What plans do they have to monitor what local authorities do with the devolved ILF funding they get for 2015-16?
Why do they not already have plans in place for monitoring the actual impact rather then their rather wishy-washy “we can’t tell what the impact will be” attitude?
39. A significant number of users did provide more detailed testimony to show how they believed their ability to live independently and to participate fully in society would be compromised.
Examples of ILF user concerns of a loss of independence and control over daily life
“If the ILF were to close completely (he) would lose almost 50% of his care package: He has been scored in the highest funding band on the Local Authority’s Resource Allocation System, but their highest indicative budget would only provide care up to a (limit) for someone living at home. This would mean he could not be looked after at home and would almost certainly need to go into residential care”.
“Before I had ILF my parents who both work full time had to help me with the most basic of tasks (getting undressed, eating dinner, assistance getting to bathroom during the night) making me feel like a burden to my own family. My social life hit a stand still as I was unable to go out and meet friends as I was too unwell to really leave the house.”
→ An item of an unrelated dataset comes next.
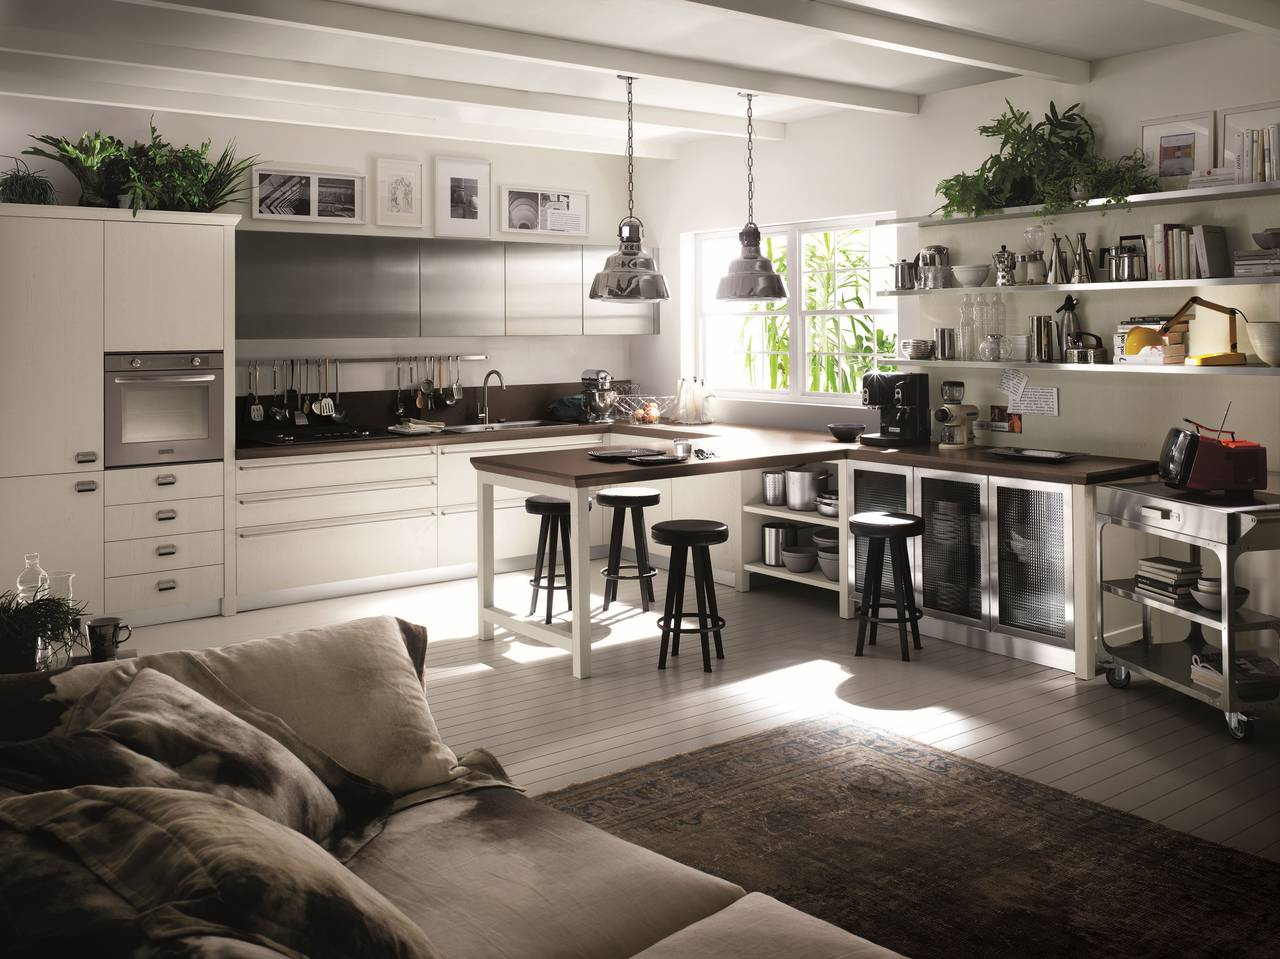 Atmosfere industriali per la cucina urbana ambiente cucina for Cucine in stile

“….people like me will end up sitting alone looking out of the window for most of the day unable to even go to the toilet. Until now, despite being severely disabled…..and unable to walk or use my hands or arms, I’ve been able to live a fulfilling life.…. [without the ILF] I will be imprisoned at home, and will even have to give up my dogs…”
“…With no ILF and no ring-fencing of money my son’s budget will either be reduced so much that it no longer adequately covers his needs and he will end up with unacceptably substandard care. Or he will end up having to go into residential care which would also not be acceptable to him.”
“Before I was introduced to the ILF I was looked after by the local authority. I had no life at all, just a horrible existence. I didn’t get out of bed for months at a time. I was not encouraged to take part in life with the children. My care was extremely basic – to be kept clean, fed and medicated”
“Without the ILF funding I would either be left to rot in a home or be dead. My support worker and carers are my lifeline; with this funding I am able to live my life. Should this funding be cut, I can honestly say I would not last long in the community. Obviously should I end up in a home, then the money the government are wanting to save…would have to be paid out for my home fees….”
“ILF allows me to do, as closely as possible, what normal human beings do. I do not do ‘activities’ or ‘access the community’ – I go out for a drive, for a picnic, to visit people, the kind of things ‘real’ people do.”